If one is so inclined into calling major tops and bottoms in the markets it will become quickly apparent that with some practice, calling bottoms is much easier than calling tops. In recent times the March 2009 and October 2010 bottoms were on a relative scale much easier to call and much easier to handle than the July 2007 and May 2011 tops. A couple of things are at play in these scenarios: 1) most investors are either long all the time or get long well before the bottom, this leaves little competition for action on the real bottom day, a few people step in and away the market goes, and 2) most investors are never looking for a top and keep buying in spite of obvious warnings, making the decline always appear as a big surprise to them.

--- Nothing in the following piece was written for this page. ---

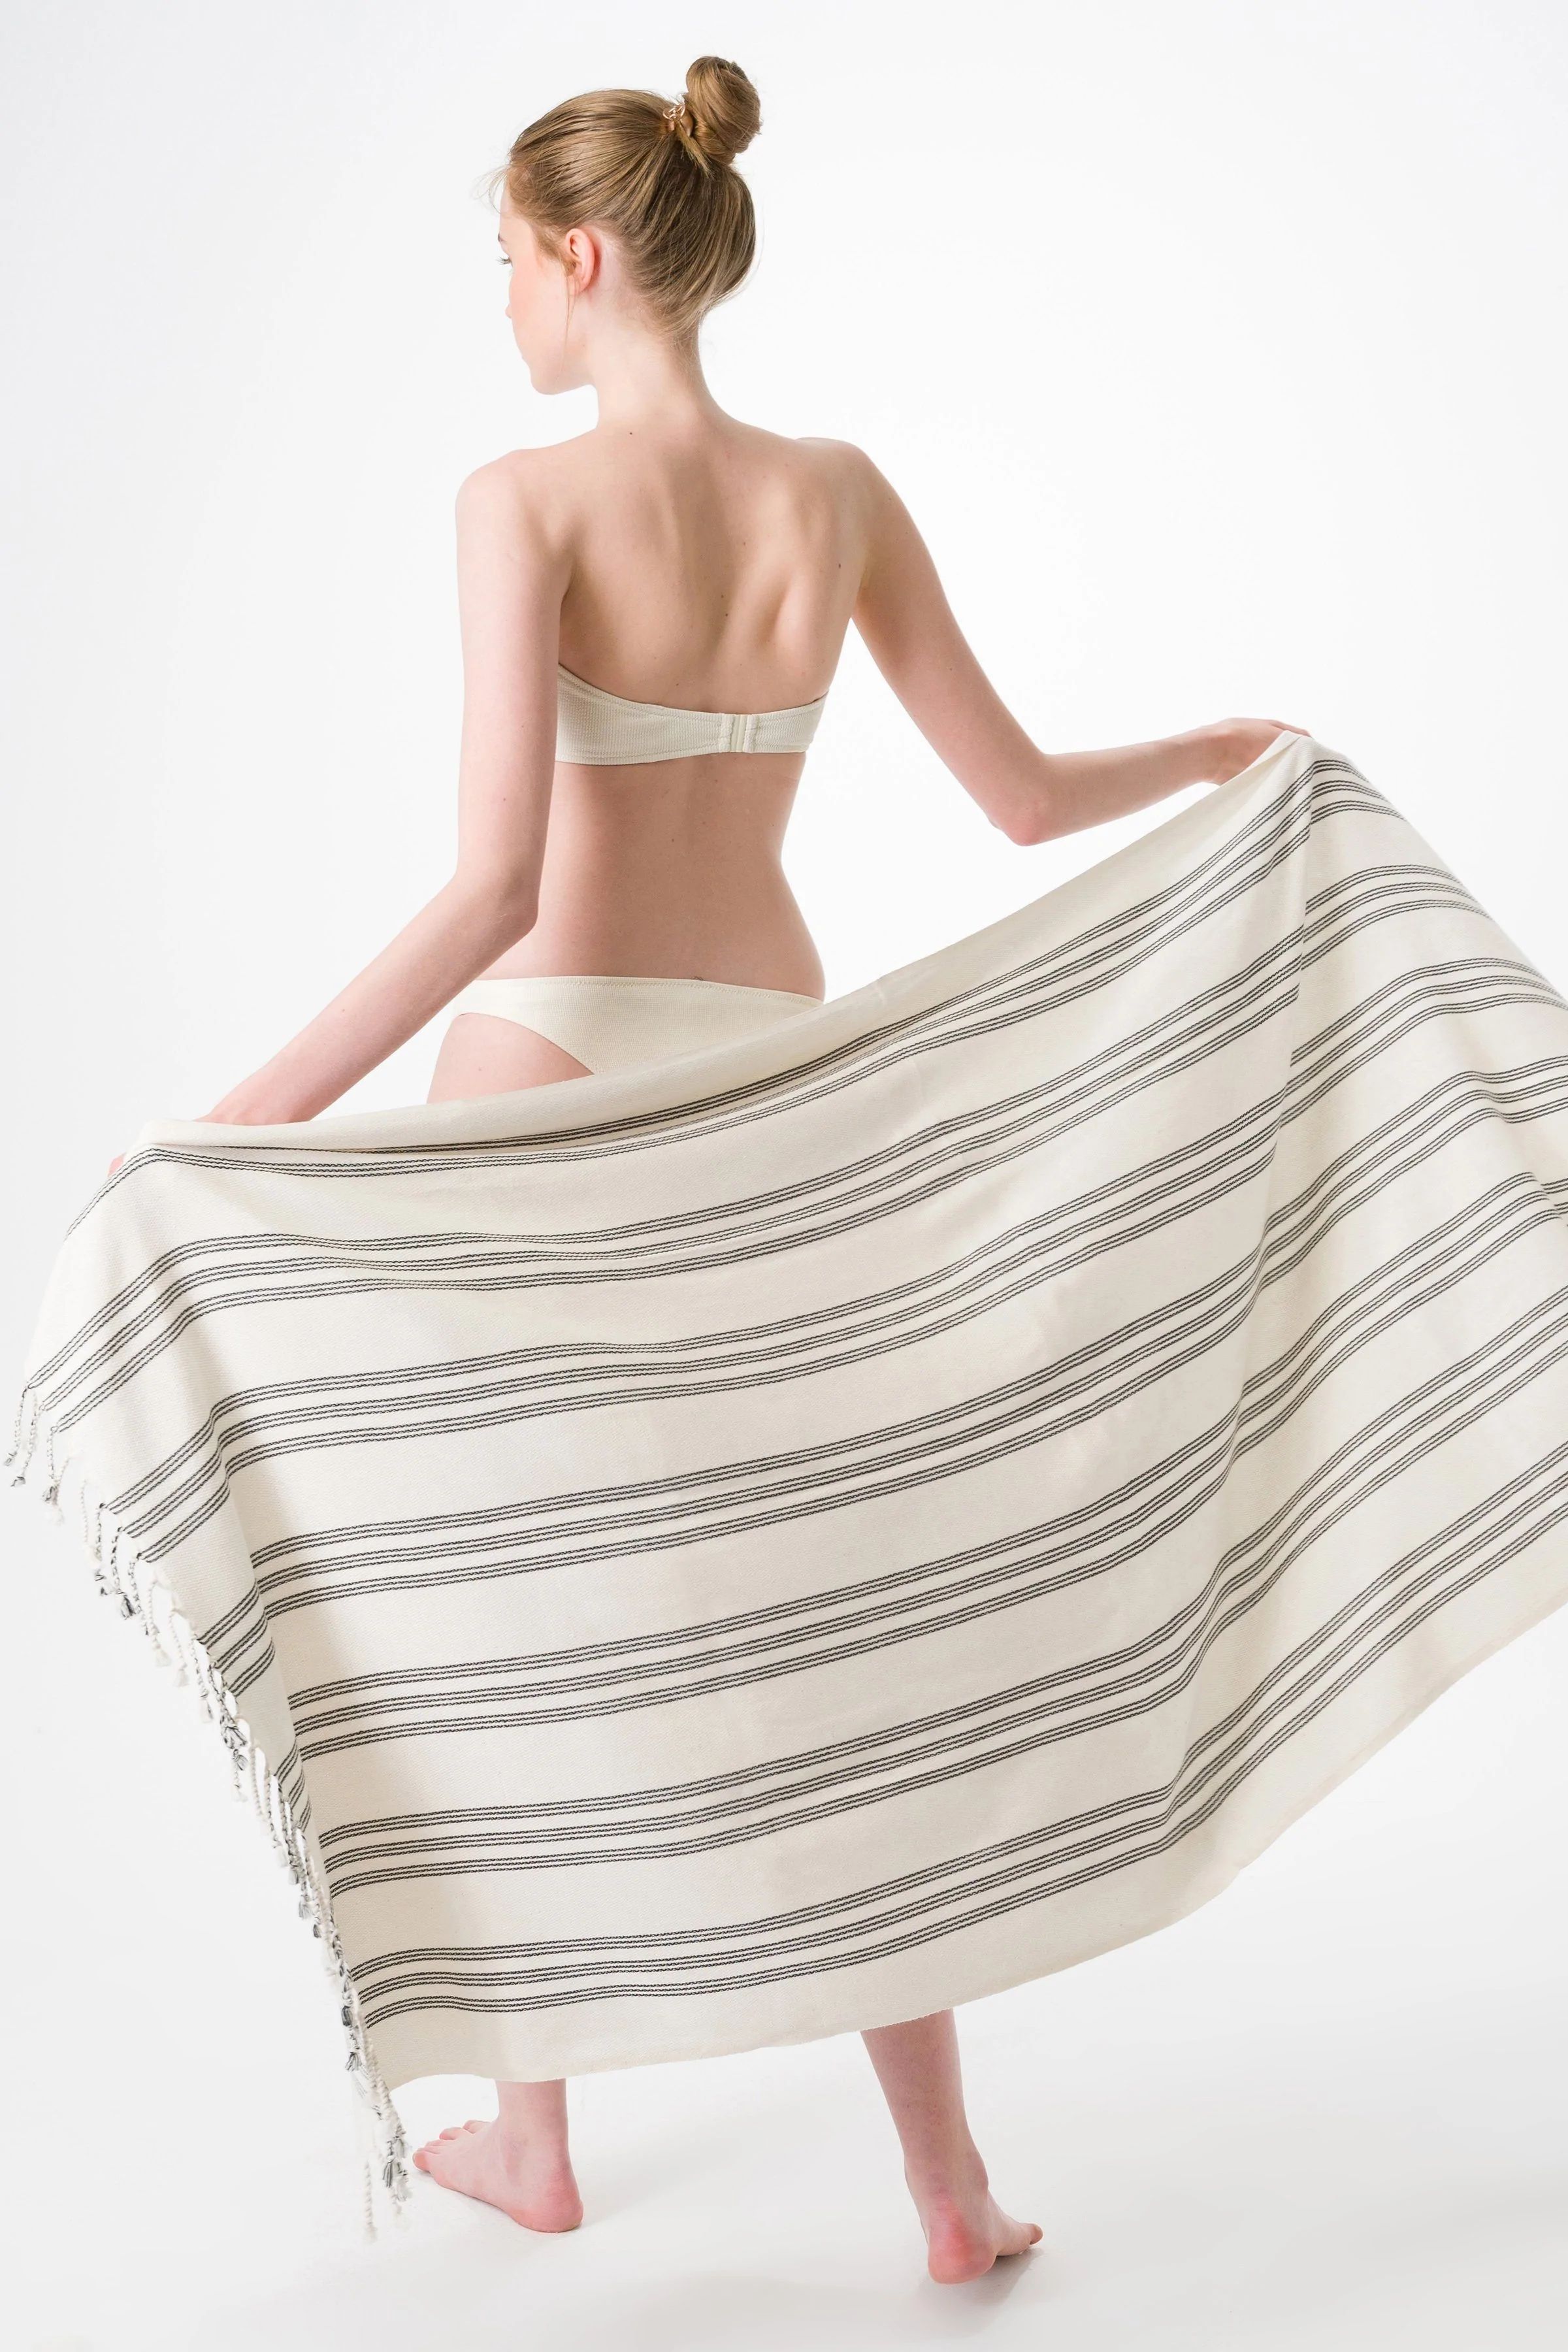 Allora Turkish Towel / Throw | Olive and Linen LLC

When we look at the details of these tops and bottoms using weekly data we see that it took almost a year between the top in the week of July 20, 2007 and the week that the market dropped 20 percent in the week of July 11, 2008. The top in the week of May 6 2011 was not realized with a 20 percent drop until five months later in the week of October 7 2011. Looking at the bottoms, however, we see how fast everyone piles on after the market starts up. The rally after the bottom in the week of March 6 2009 took only 21 days until the week of March 27, 2009 to see a 20 percent rally and the bottom in the week of October 7, 2011 also took only 21 days to realize by being up 20 percent in the week of October 28, 2011.
The point is, tops happen and the market and CNBC don’t realize it until much of the damage has already happened. The current situation is even more problematic, the top appeared to occur on March 27, 2012, we are out almost a month and there is little unanimity of whether that was a top, and history says that is normal. Part of the problem is that since 1987, the FED has been very involved in markets and while they cannot keep the eventual sell-off from happening they do make it difficult to call the eventual moves.